Training Smaller Models:
This may seem counterintuitive, since the number of parameters in a model is generally treated as a reasonable measurement for the model’s power, but training smaller, more specialized models may reduce the overall power need for training as well as for queries. This is pure speculation on my part, but I suspect that a “base knowledge” that can be shared across those models could reduce the power consumption even further.
Environmentally Conscious AI Deployment for Businesses
Businesses integrating AI into their operations can take several steps to ensure that the technology is “worth it” from an environmental standpoint:
Opt for Retrieval-Augmented Generation (RAG) Over Full Fine-Tuning:
Fine-Tuning – basically taking an existing model and then training it again for your needs, takes a lot of power and processing time. Opting for some basic settings and giving the model access to your existing documents and internet search functions may eliminate the need for a fully custom build. As an aside, this can be set up for a fraction of the cost of a fine-tuned model.
Utilize Pre-Trained Models:
Rather than training models from scratch, leveraging pre-trained models (and adapting them with minimal fine-tuning) can conserve energy. This not only reduces power consumption but also accelerates deployment timelines.
Evaluate the True Cost of Customization:
Before opting for extensive model customization, businesses should weigh the environmental and financial costs against the potential benefits. In many cases, incremental adjustments or hybrid approaches may be more sustainable.
Monitor and Optimize Usage:
Continuously track energy consumption across AI deployments and adjust operations based on efficiency metrics. This proactive approach can help businesses maintain a balance between innovation and sustainability.
The Inequitable Impact of AI
It’s important to recognize that the environmental impact of AI is not evenly distributed. Some regions and companies bear a disproportionate share of the energy burden, a challenge that demands thoughtful policy and industry collaboration.

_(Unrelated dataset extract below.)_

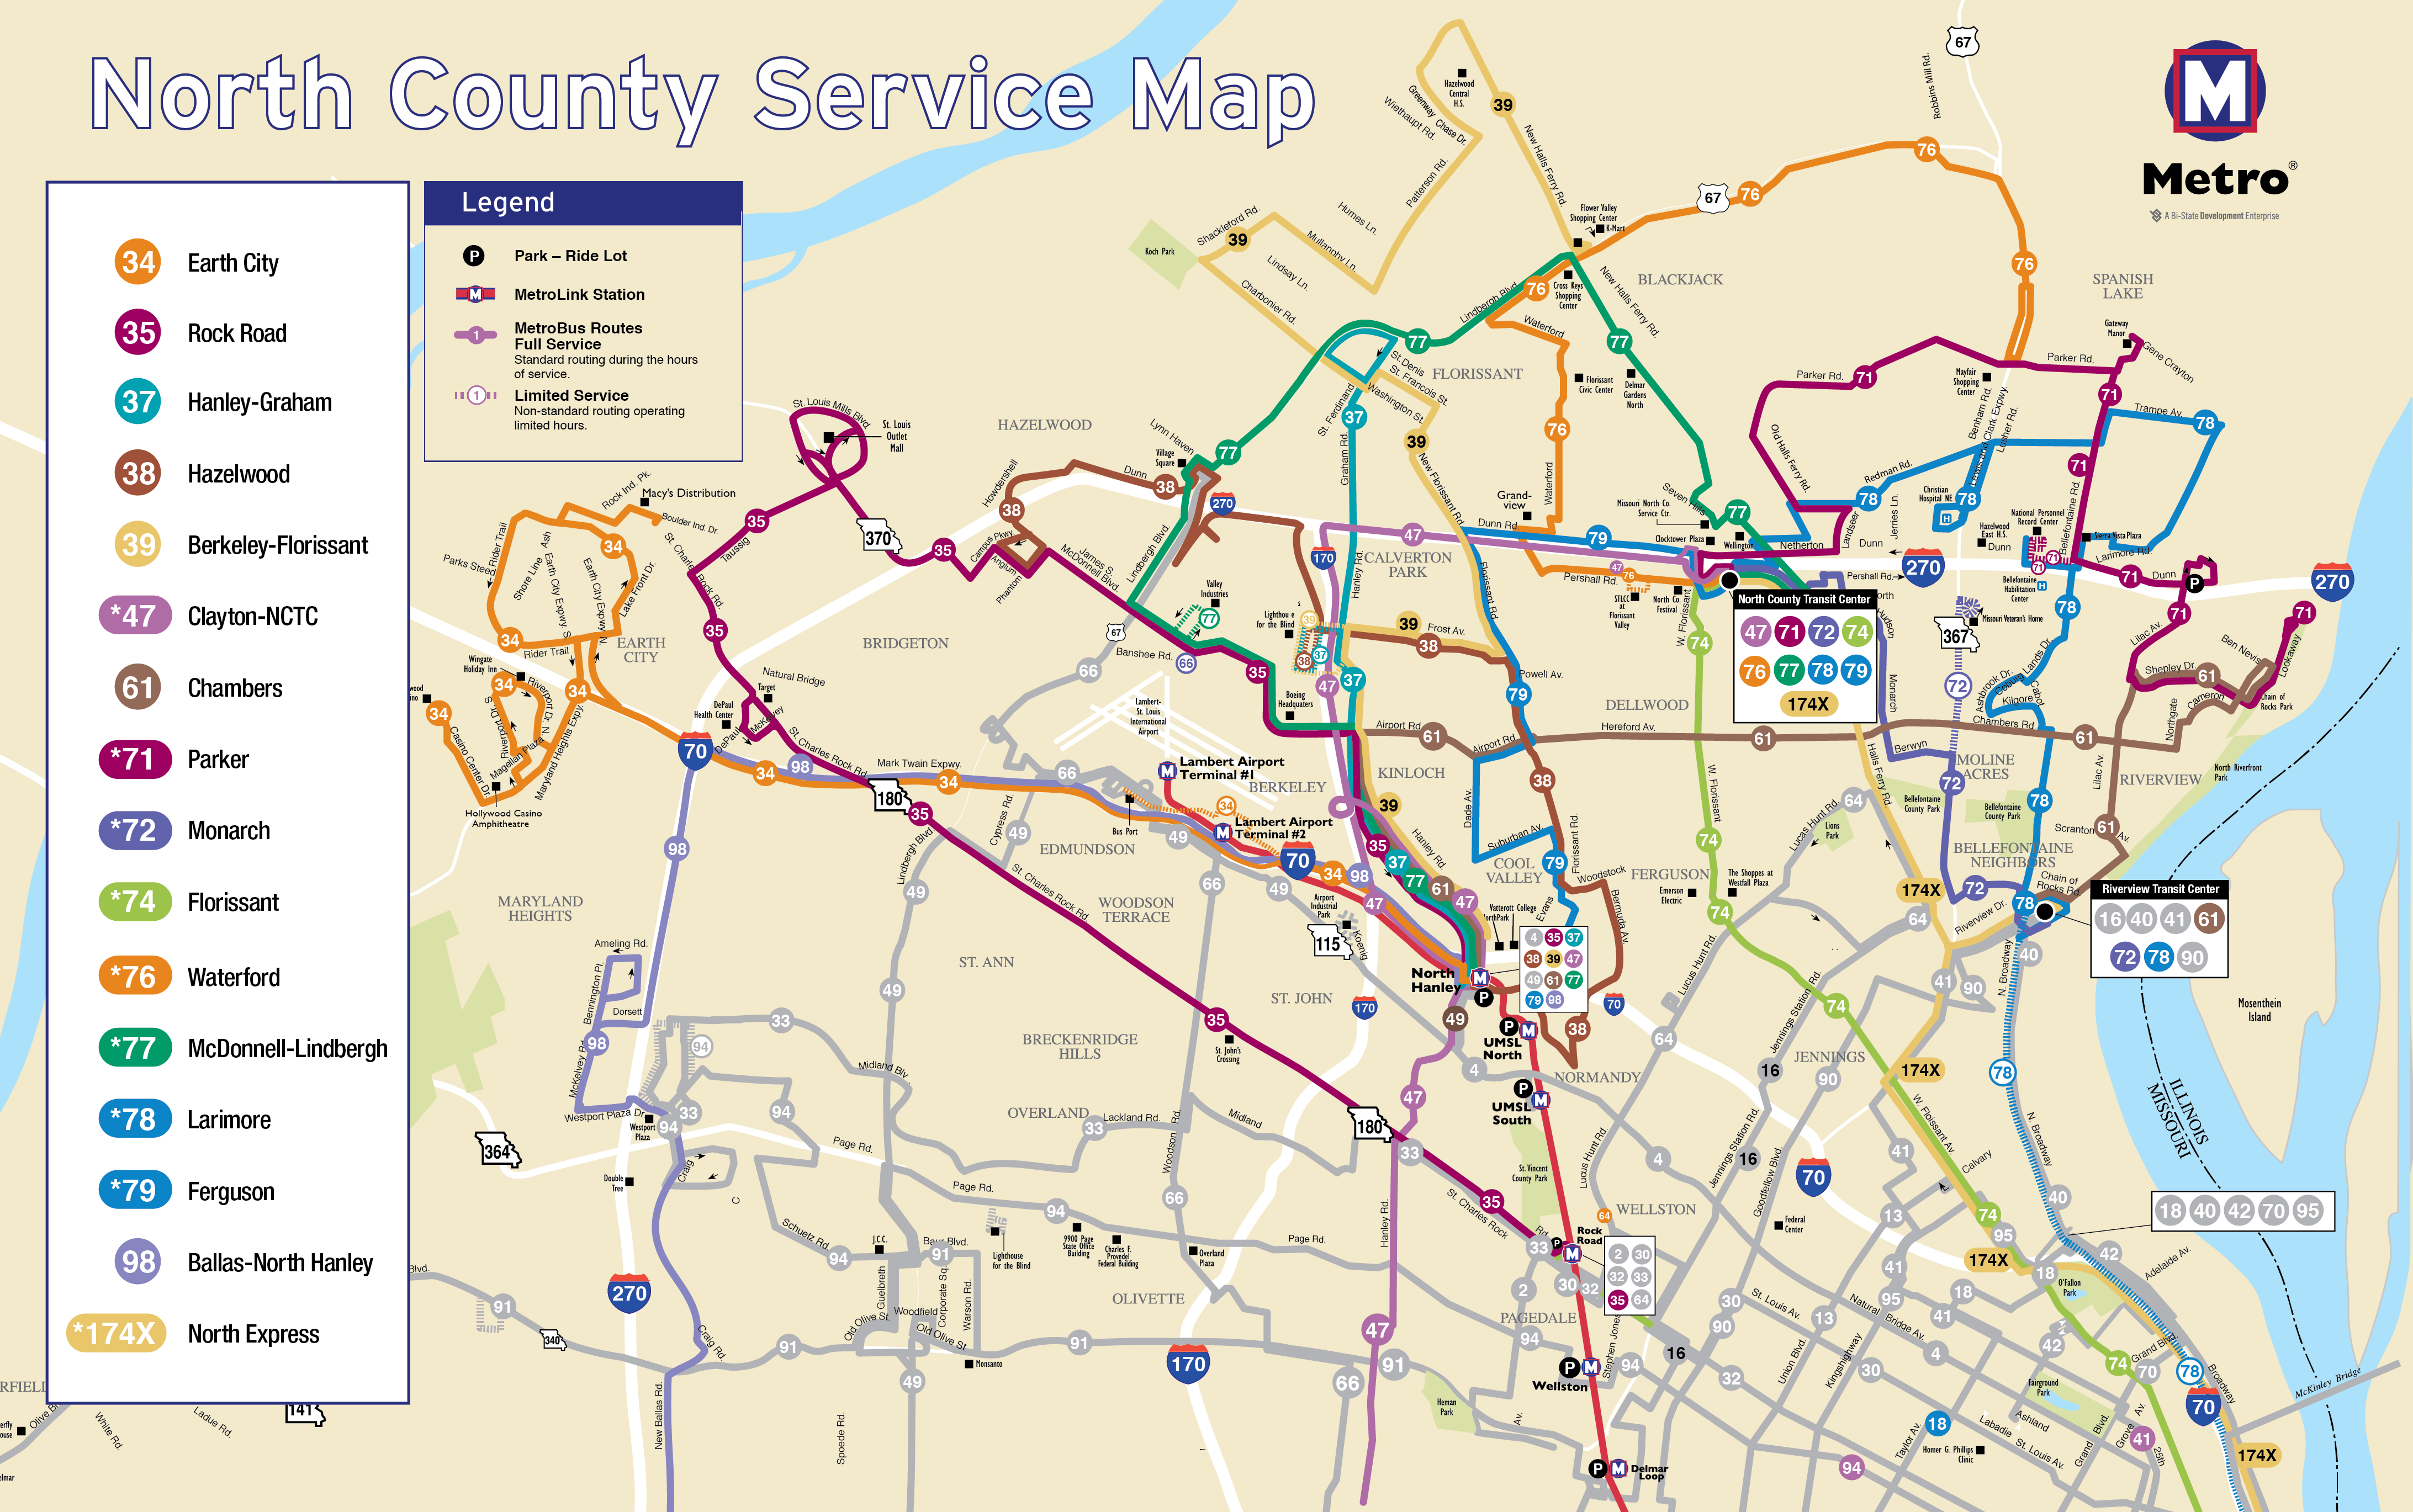 Metro Releases New North County Service Plan | Metro Transit – St. Louis

As with so many other major environmental issues, people in the areas that already have it the worst are the ones that are most heavily affected. Areas that rely more heavily on fossil fuels for their power grid will see more pollution if a data center creates a huge increase in power consumption. In many cases, data centers are placed strategically in places with low power costs. That’s a perfectly understandable strategy, but in some cases that means that poorly regulated power grids can become attractive for data centers.
(For a closer look at the uneven distribution of these impacts, see Harvard Business Review: HBR)
Conclusion
The conversation about AI’s environmental impact is complex and multifaceted. While the energy demands of AI—especially during the training phase—are significant, there are clear pathways to mitigating these effects.
AI can, and should, be a positive development for the world. We use power for other activities and devices that improve our lives, and AI could help us create efficiencies elsewhere. By adopting more efficient practices, leveraging renewable energy, and choosing smarter deployment strategies like RAG, both AI companies and businesses can ensure that the benefits of AI are truly “worth it.”
Acknowledging the problem is the first step toward sustainable innovation. As we continue to push the boundaries of what AI can do, let’s also commit to making its footprint as light as possible on our planet. Let’s not repeat the mistakes made with so many previous technological innovations. Virtually every work of futuristic fiction for decades has included some form of AI, and those works have been divided on whether AI would be good, evil, or neutral. We should all be pushing toward good.